Surrogacy is growing, just as social media is helping more people come to understand precisely what the practice is, and what it means. Seeing babies taken off their mothers so freely is so shocking that most people who witness photographs and videos which show surrogacy happening can’t believe it is legal. As I have written about previously in The Critic, the women involved in surrogacy are groomed by the industry in to not realising they are the mothers of their own children, even in cases where they use their own egg; believing the lies peddled to them by a rapacious industry, that they are doing something “kind” and “beautiful”. A mother is the primary safeguarder of her child; if the mother in the case of surrogacy doesn’t believe herself to be so, who is acting to keep the child safe? Certainly not the agencies, who are incentivised by both money and an apparent evangelical commitment to the ‘miracle’ of surrogacy.

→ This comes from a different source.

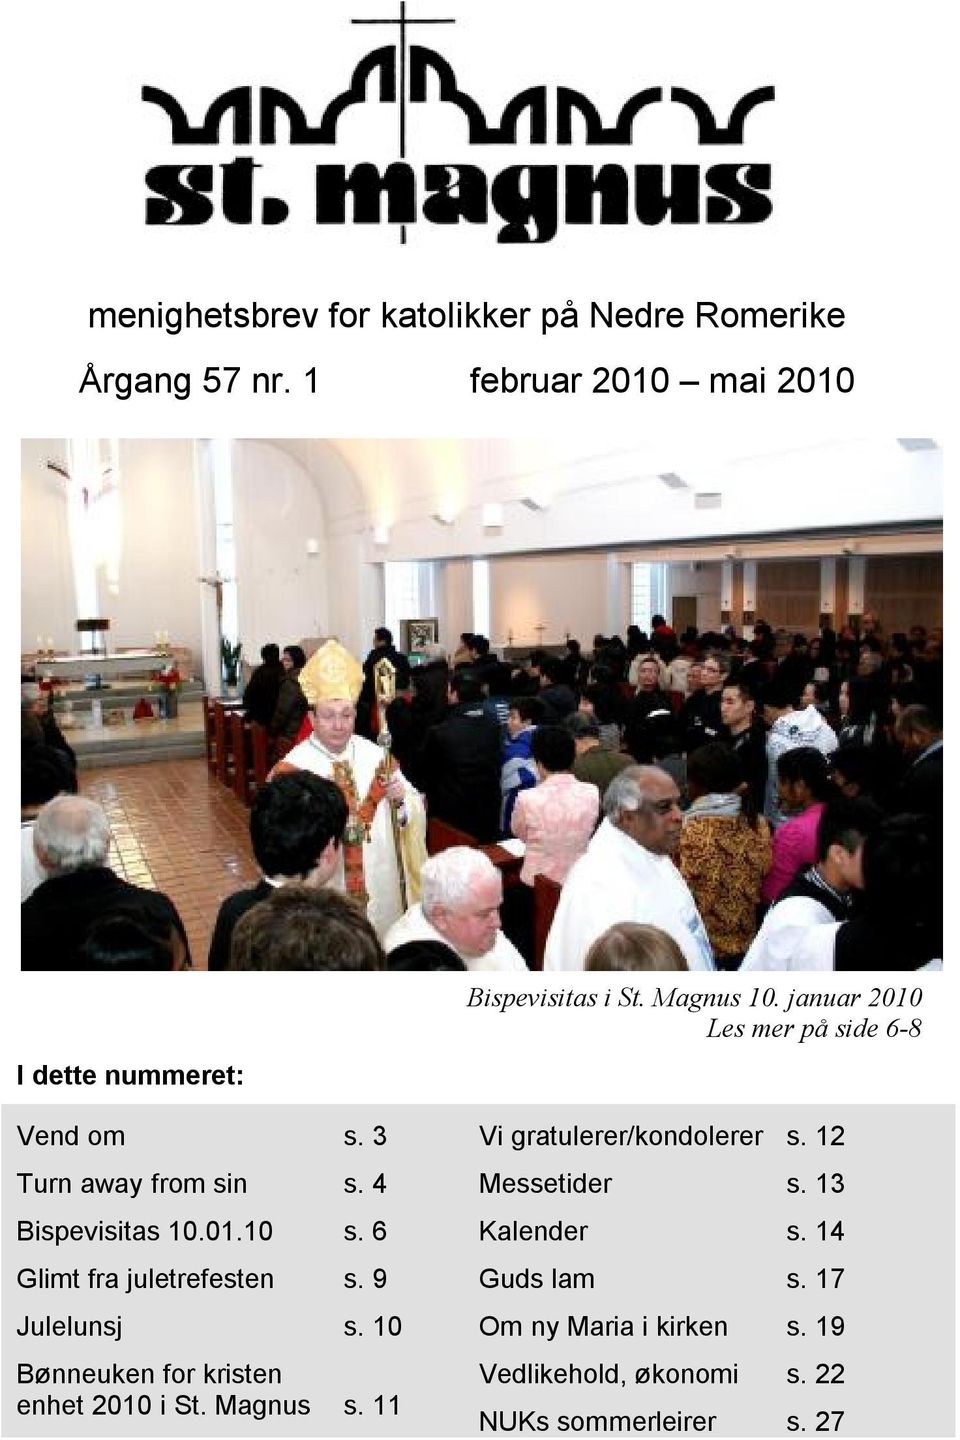 10 Bønneuken for kristen enhet 2010 i St. Magnus s. 11 Bispevisitas i St. Magnus 10.

The test for whether or not surrogacy is acceptable to its supporters seems to be “she consented”. That old chestnut, which allows so many despicable practices to flourish, while those who might be expected to be tasked with thinking about them shrug and are relieved of the intellectual burden of doing so.

And is it true consent if it is bought? Is it true consent if she doesn’t understand she is the mother, even when her own egg is not used? It certainly can’t be construed as consent in cases where the woman is coerced, pressured by family, or, as in one case we saw, offered up for surrogacy by her own husband, without her prior knowledge.

It is extraordinary to consider, that in this time of hyper awareness of social injustice, when every perceived slight or misdemeanour can be considered a cancel-worthy offence, that so many think nothing of the process of commissioning a baby to order: anonymous eggs harvested from a twenty-something woman and chosen from a catalogue, surrogate mothers matched with strangers by agencies, and ditched when they have one too many miscarriages. That so many think so little of women and children says so much about our society. None of it good.


  1. Capitalism in action.

    1. Indeed. If there is a "free" market, then there is a "free" market in everything, as a matter of political choice.